The History of Love

Vielleicht hat mich das Buch ganz einfach am falschen Fuß erwischt – aber nach Foer und nach all dem Vergangeheitsgeraune und dem Aufarbeiten und der Tradition und dem Beseitigen von Verschüttungen und dergleichen hatte ich mir wahrscheinlich etwas anders erwartet – als eben dieses. Verleitet ha ...

Vielleicht hat mich das Buch ganz einfach am falschen Fuß erwischt – aber nach Foer und nach all dem Vergangeheitsgeraune und dem Aufarbeiten und der Tradition und dem Beseitigen von Verschüttungen und dergleichen hatte ich mir wahrscheinlich etwas anders erwartet – als eben dieses.

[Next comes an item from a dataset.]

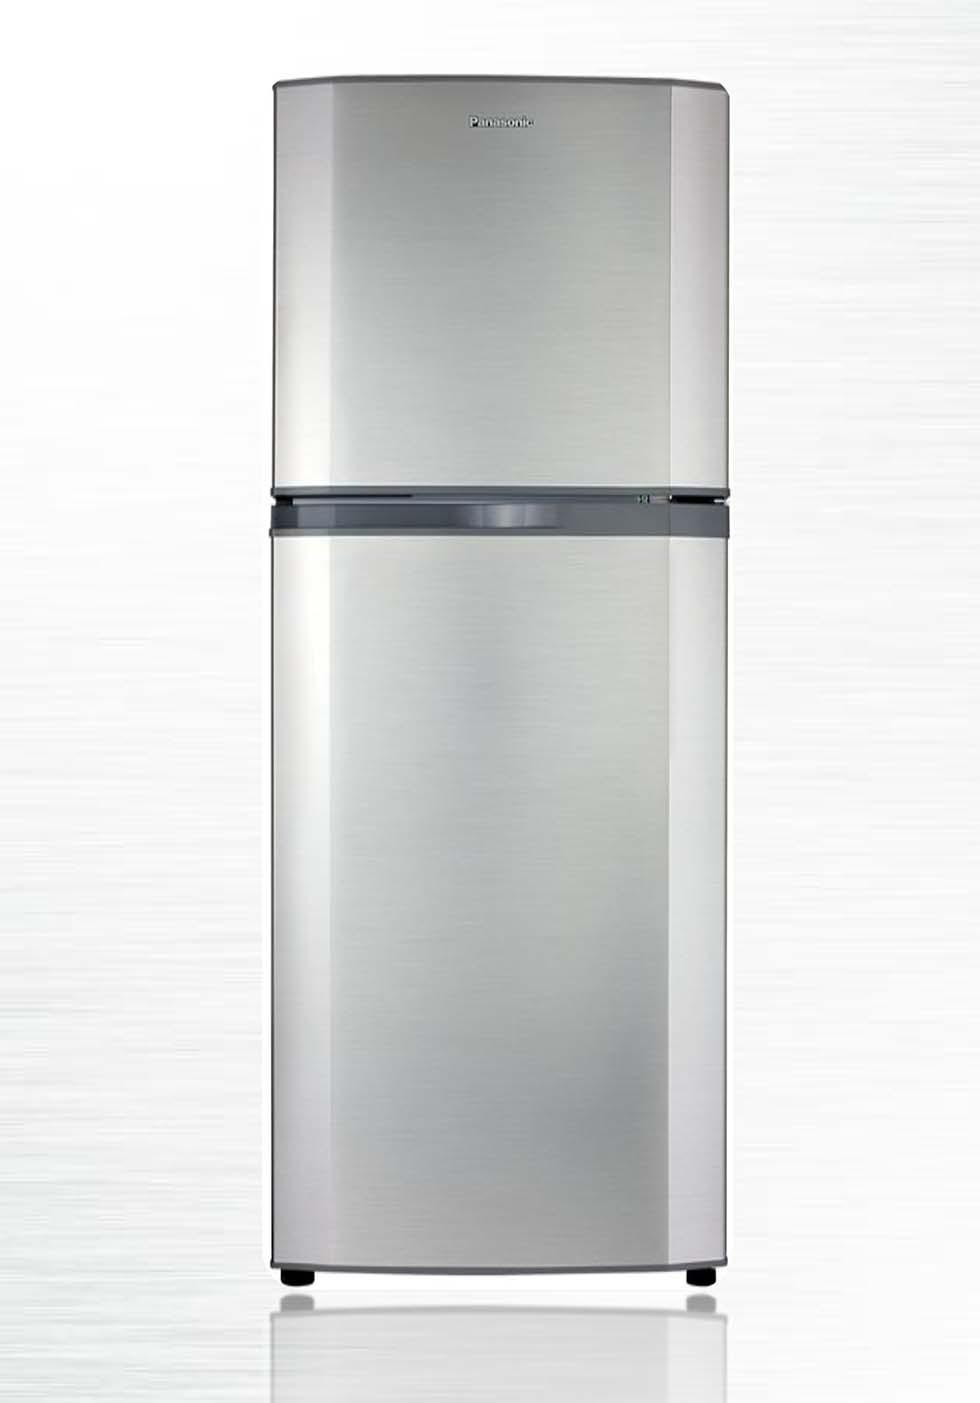 Tủ lạnh Panasonic NR-BM179 152 lít

Verleitet hat mich ja eigentlich der wunderschöne Titel – der auch gleichzeitig der Titel eines verschollen geglaubten Buches in diesem Roman ist. Die Autorin, die sich einen Autor vorstellt (wir denken an Nabokov!), das ist ja eine verlockende Grundsituation, und die Geschichte des Buches "The History of Love" ist durchaus mitreißend – wenn sie nicht so willentlich vertrackt wäre und Krauss nicht versuchen würde erzähltechnisch raffinierter, verknüpfungsmäßig klüger zu sein, als es wahrscheinlich notwendig ist.

Für sich genommen sind die Charaktere – der alte Autor Leo Gursky, der sein Buch auf Polnisch geschrieben und einem Freund gegeben hat, der es als sein eigenes ausgibt, sodass es letztendlich in Chile auf Spanisch erscheint, und die vierzehnjährige Alma, benannt nach der Alma im Buch, deren Mutter das Buch gerade übersetzt – schrullige, liebenswerte, lebendige Charaktere. Aber Krauss nimmt einem ein bisschen das Vergnügen ihnen zu folgen, weil sie eben – wie gesagt – raffinierter und kauziger sein will, als es 250 Seiten vertragen. Natürlich gibt es viele Stellen, die einen für die Mühe entschädigen: Almas erster Kuss; die Pedanterie der alten Männer; die Passagen aus dem Buch im Buch; die Traurigkeit der Liebe überhaupt; die Versuche Almas ihrer Mutter einen Mann zu finden und sich mit ihrem kleinen Bruder Bird zurechtzufinden. Trotzdem fehlt dem Roman das, was er wohl gerne hätte: das Magische, das uns in seinen Bann zieht, weil es voll von Grüßen aus anderen Welten ist. Krauss zeigt uns hoffentlich in ihrem nächsten Buch mehr von ihrem Talent – immerhin ist dies erst ihr zweiter Roman – wenn sie sich vom Hang zur zwanghaften Originalität ein bisschen frei geschrieben hat. Es zahlt sich durchaus aus, ihr Schaffen weiterhin im Auge zu behalten.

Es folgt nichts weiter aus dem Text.